By Leanne Tucker, ITWeb portals business developer
Johannesburg, 25 Jan 2007

DataCore offers affordable DR

DataCore says in order to fill the large void in the market that exists for reasonably priced disaster recovery (DR) and business continuity (BC) solutions, the high-end enterprise-class storage systems that can support true failover and multi-site SAN-based disaster recovery systems are usually proprietary, complex and expensive, reports InfoWorld.

When DataCore looked at the marketplace, it found a gap that needed to be filled. George Teixeira, president and CEO of DataCore Software, says: "The total cost of a working system, the high cost of entry and the lack of flexibility and software utility are the real barriers in the SMB space.

"Small to mid-size businesses can't afford to deploy a SAN to manage storage and then pay the additional cost to also do business continuity and disaster recovery.
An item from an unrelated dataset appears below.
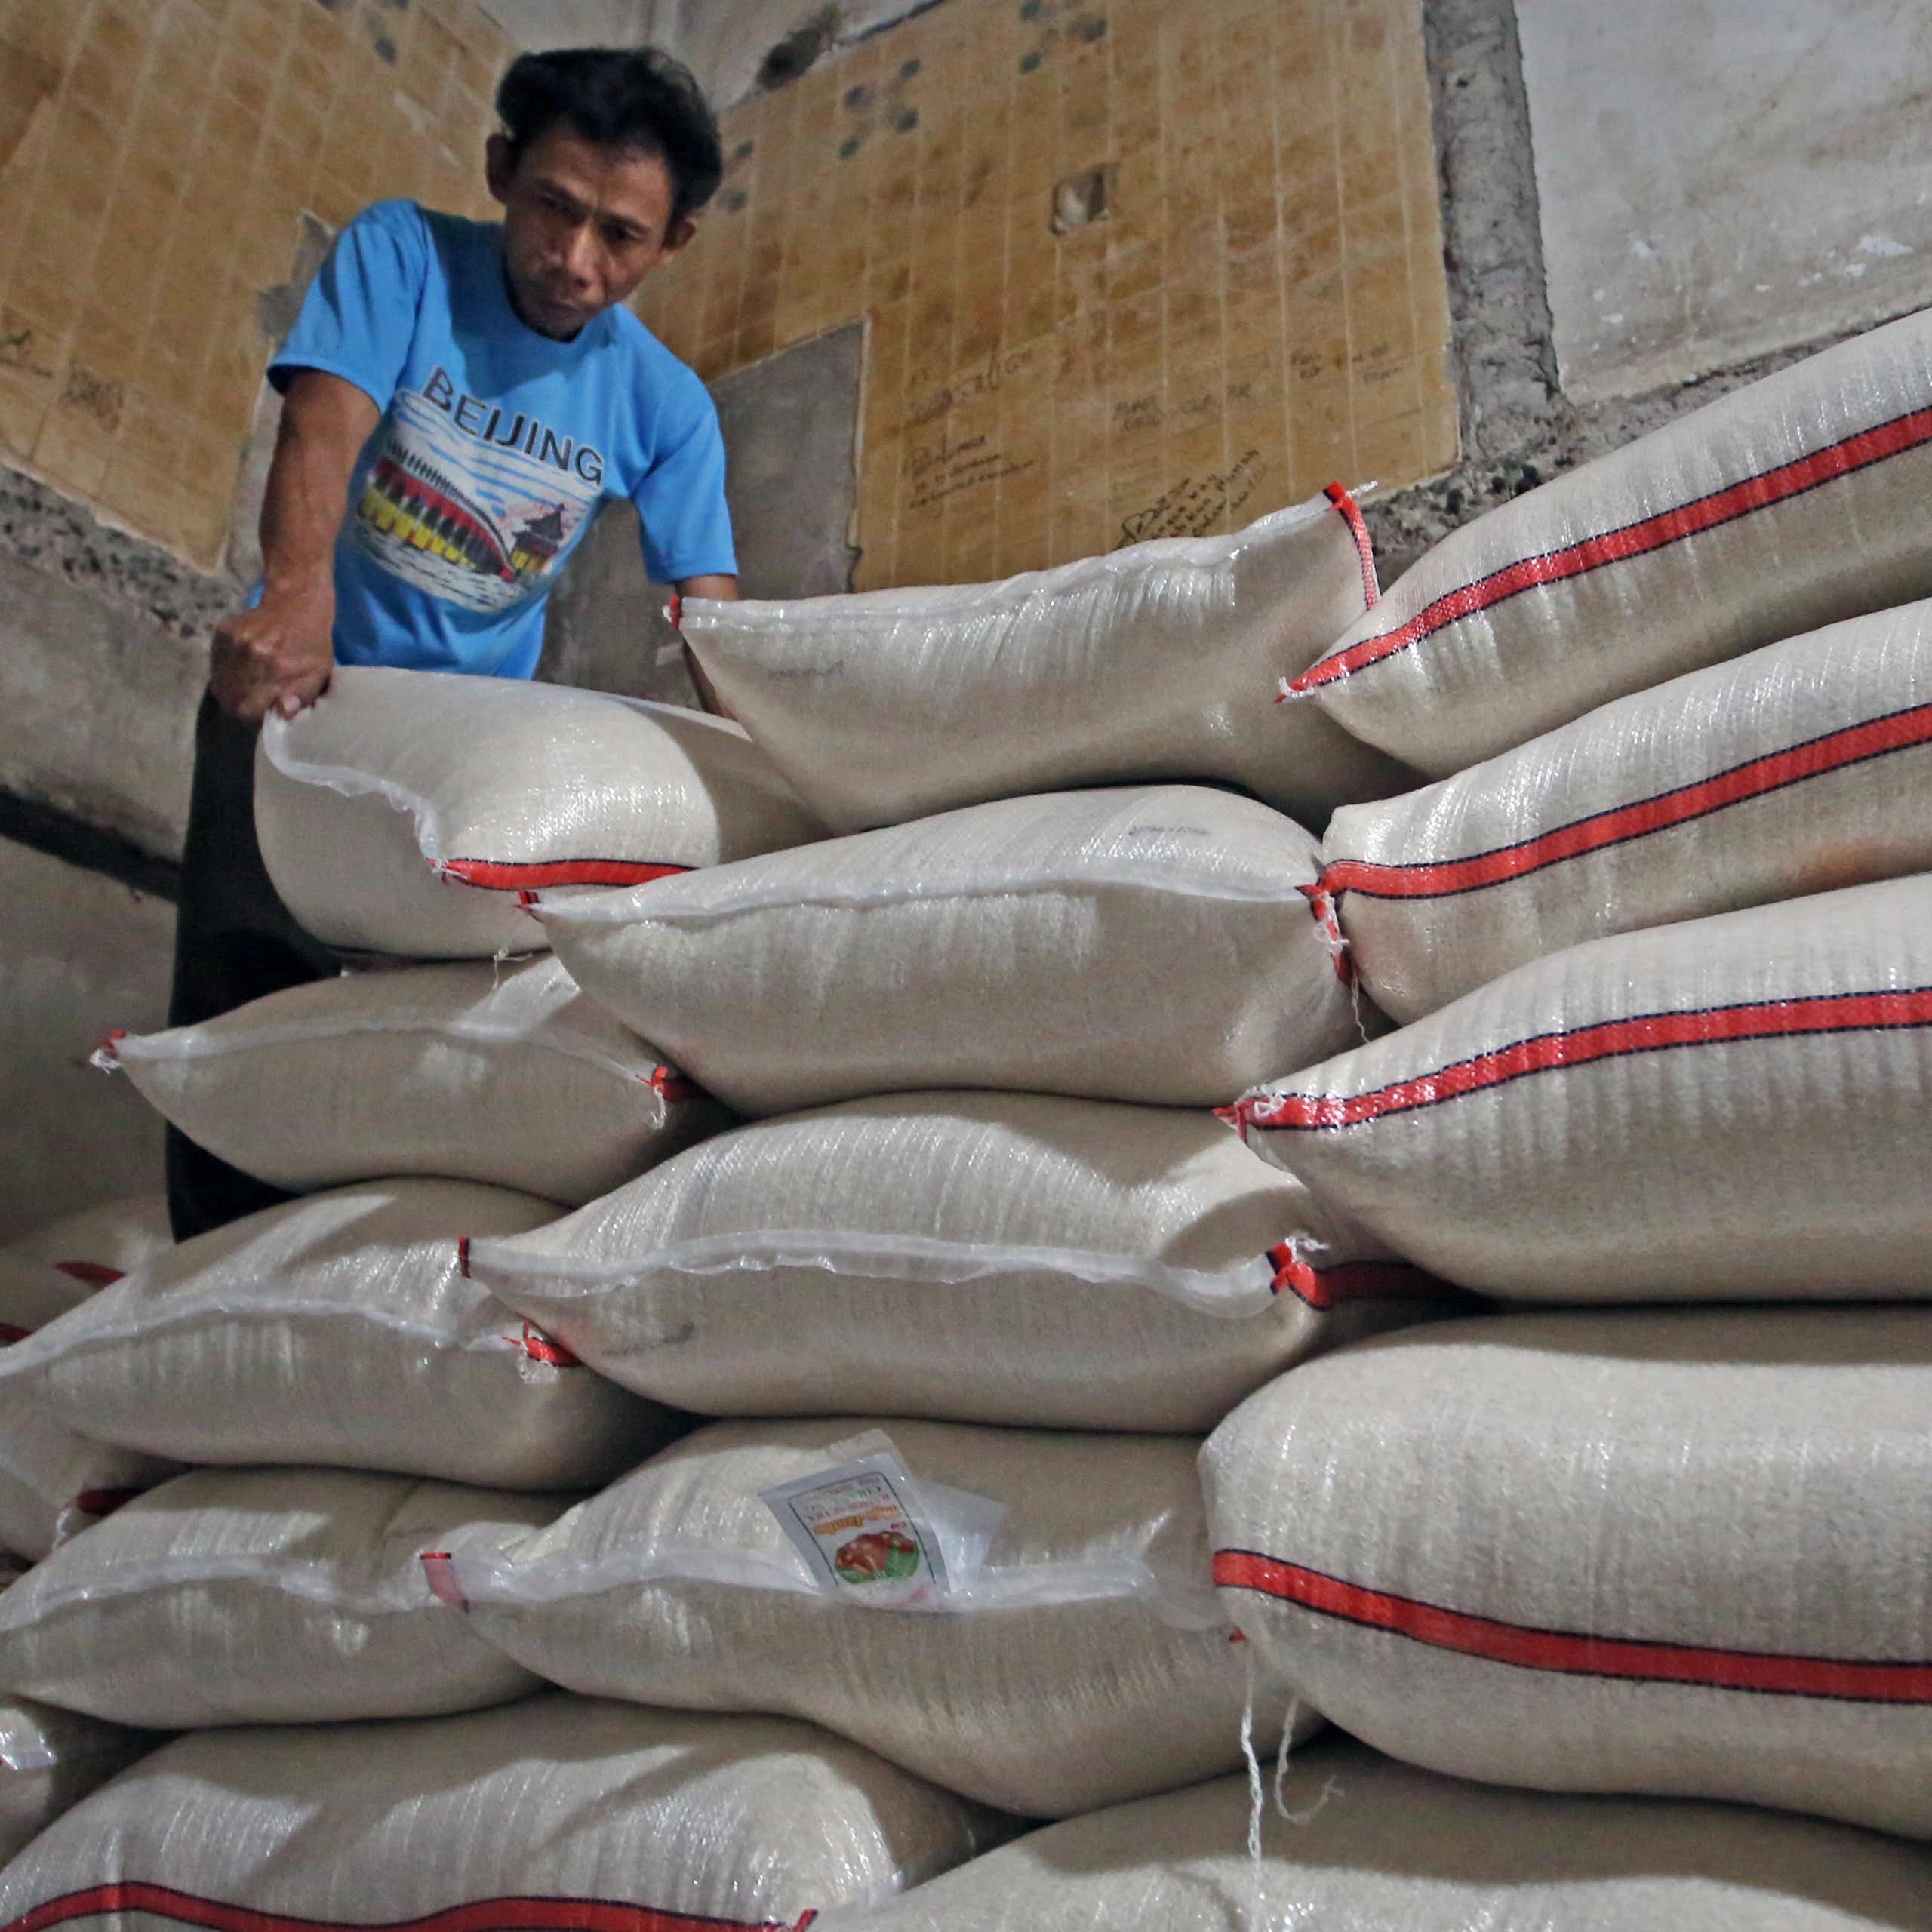 Cek Fakta: Jokowi klaim impor beras tidak sampai 5% dari total kebutuhan nasional. Benarkah?

They need a solution that does both and does it at the right price."

DR is key for IT managers

Research and Markets has announced the addition of an in-depth analysis on business continuity and disaster recovery.
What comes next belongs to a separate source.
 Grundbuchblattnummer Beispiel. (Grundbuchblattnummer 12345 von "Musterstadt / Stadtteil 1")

The report covers the adoption of business continuity and disaster recovery applications across the business market. The results are segmented by size of business, as well as professional services, government, education and healthcare industries.

The report claims DR/BC is a key priority and ongoing activity for IT managers. It adds that it is an important component that businesses seeking bundled offerings look for. Since DR/BC plans can involve multiple layers of complexity, the report discusses options that businesses and service providers must consider in formulating such strategies.

Sun undercuts Red Hat on support pricing

Sun Microsystems is presenting a challenge to Red Hat with competitively priced support in an update of its Solaris 10 operating system, reports CIO India.

Open source Solaris comes with support subscriptions that Sun says is half the price of a comparable support plan from Red Hat, the largest Linux distributor.

Red Hat has faced support price pressure from others, most notably a deal announced in October 2006 by database software company Oracle.